When I turned 16 years old, my mom bought me a used car from one of her co-workers. After she brought it home, I gleefully jumped inside to go for my first solo ride.
I went exactly two blocks before the power steering went out as I was turning a corner. All you modern youngsters may not know what I’m talking about, but when the power steering went out on a car made in the mid-seventies, you were no longer trying to drive an automobile. I would compare it to a cruise ship…or maybe a planet. A planet whose orbit you are trying to control with only the power of your biceps.
I got my second car a couple of weeks later (yet, for all intents and purposes it was really my first…two blocks does not a first car make). It was a hand-me-down from my pregnant sister, who could no longer climb over the center console to get to the driver’s seat. Why didn’t she just open the driver-side door? Because it didn’t open. At all.

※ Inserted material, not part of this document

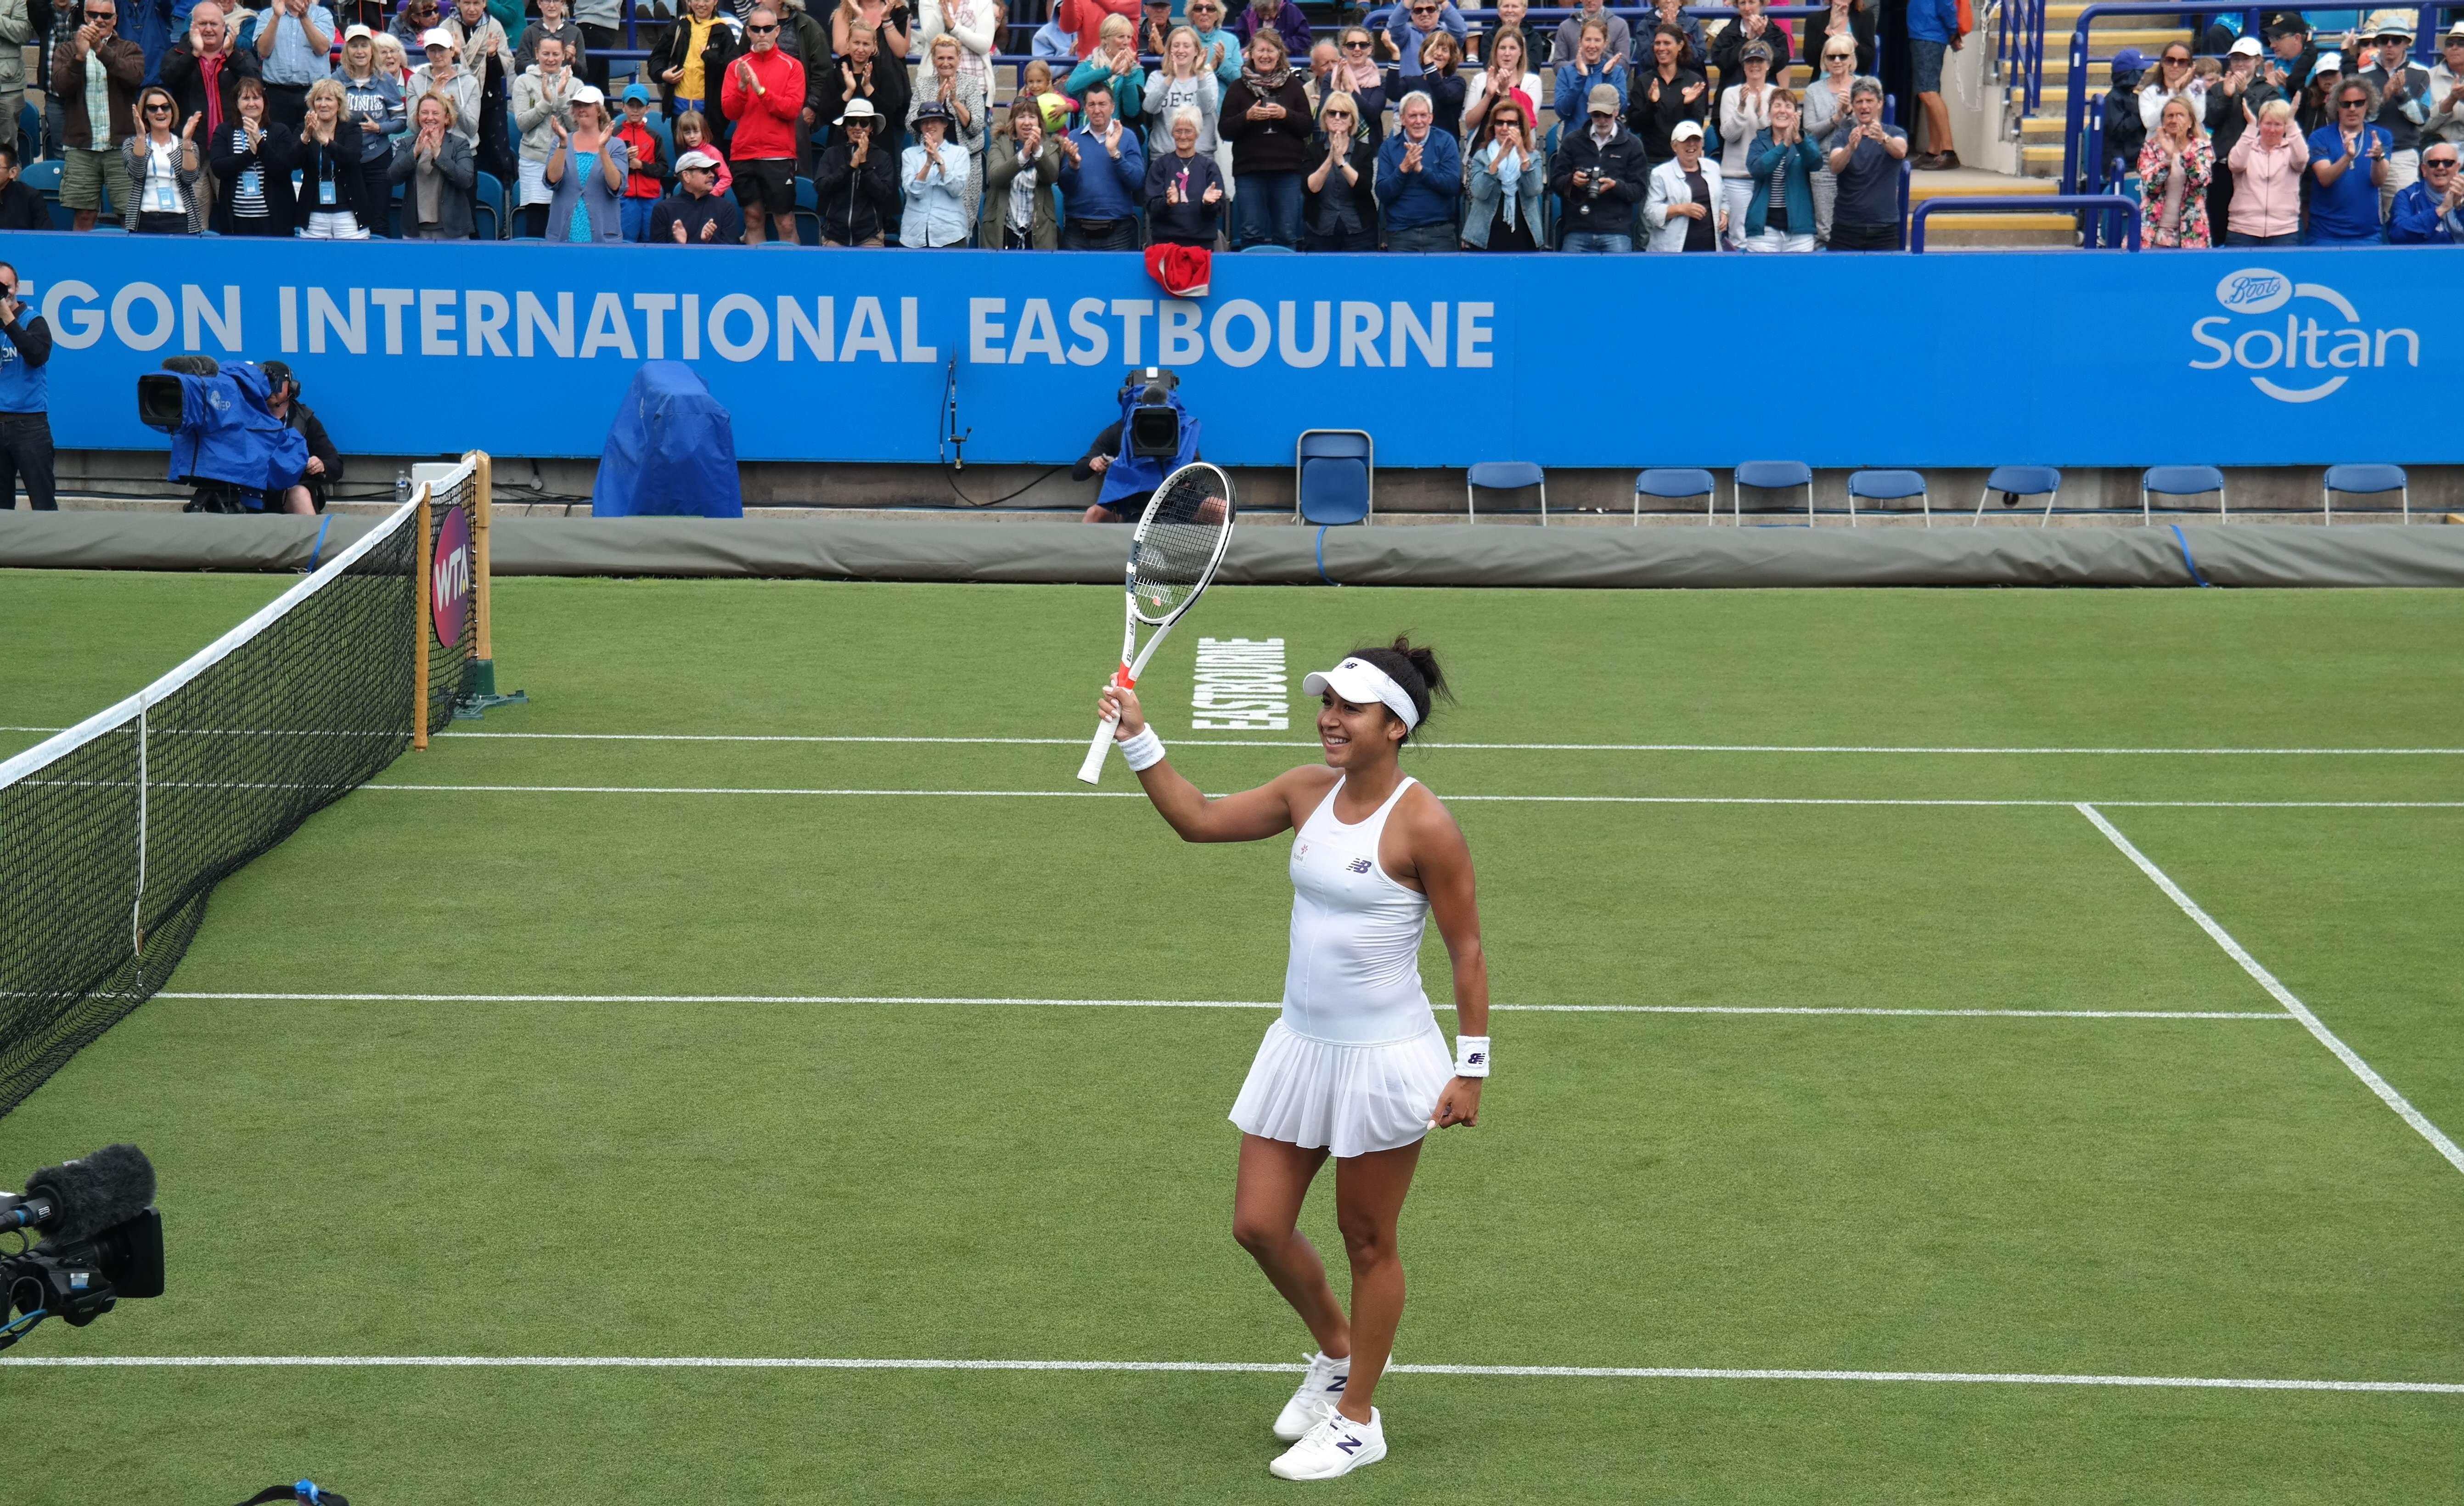 Heather Watson winning at Eastbourne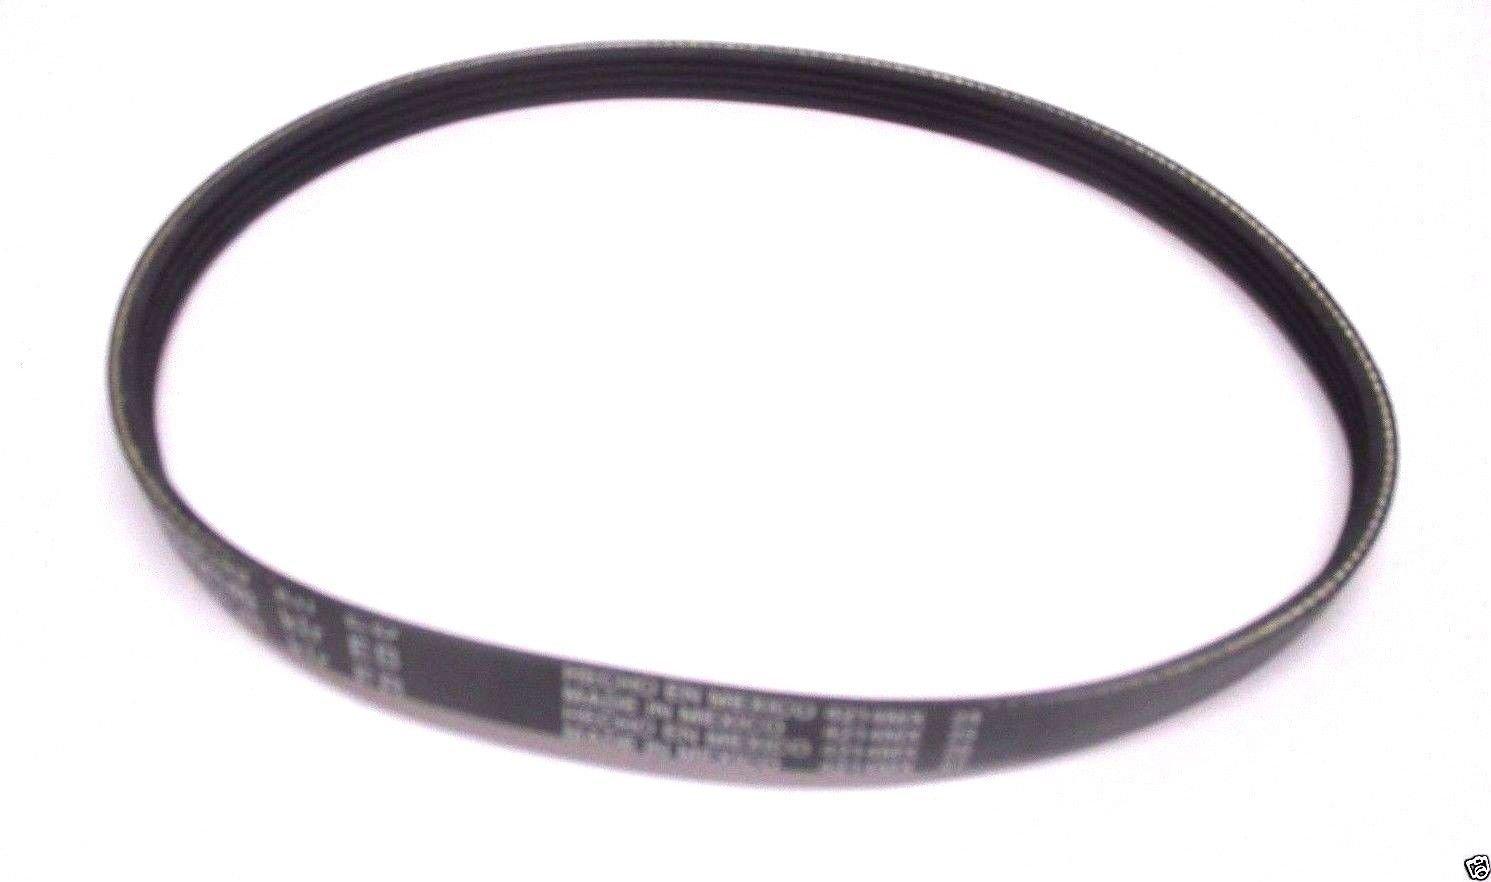 MTD Genuine 754-04149 Edger Drive Belt Fits Troy Bilt OEM

It was a 1977 Oldsmobile Cutlass, and that door wasn’t the only thing that malfunctioned. One time, I went to make a left-hand turn and the entire turn signal stick broke off and fell to the floor. I couldn’t drive over 55 mph without the tape cassette ejecting and flying into the back seat, and once when I was unlocking the only working door, the entire lock mechanism came out with my key.
My mom often tells stories about her first car. She had three young kids when some people from her work felt sorry for her and gave her a very old, very used jalopy. There were no seats in the back so my sisters had to stand, which had an added hazard because there was also a hole in the floor. And, and those three young kids could often be seen giving the car a push to get it started.
Speaking of pushing…my cousin’s first car had a broken gas gauge. Since she was old enough to drive, and I wasn’t, guess who got to push it every time it ran out of gas?
I went through three other used cars before, in 1997, I bought my first new car and have been driving it ever since. It’s the only car my kids have ever known me to drive and they have affectionately named her, “Bessie”.
Coming home from school the other day, Bessie was making some strange sounds when I looked in the rear-view mirror and said to the kids, “Bessie is getting old. I don’t know how much longer she’ll be running.”
My 10 year old daughter matter-of-factly said, “Well, when we get a new car we still have to keep this one.”
I laughed. “No. We won’t be keeping this one. Why would we do that?”
“I don’t know. Just so we could look at it, I guess. Can’t we keep it in the driveway?”
I replied, “No. We can’t keep it in the driveway. We don’t have room in the driveway to keep cars just so we can look at them.”
She said, “Aw! That really stinks!” She was genuinely upset about it.
But, what she doesn’t know is that I’m planning to drive Bessie for five-and-a-half more years…so it will be in perfect condition to hand over to my daughter as her very first car.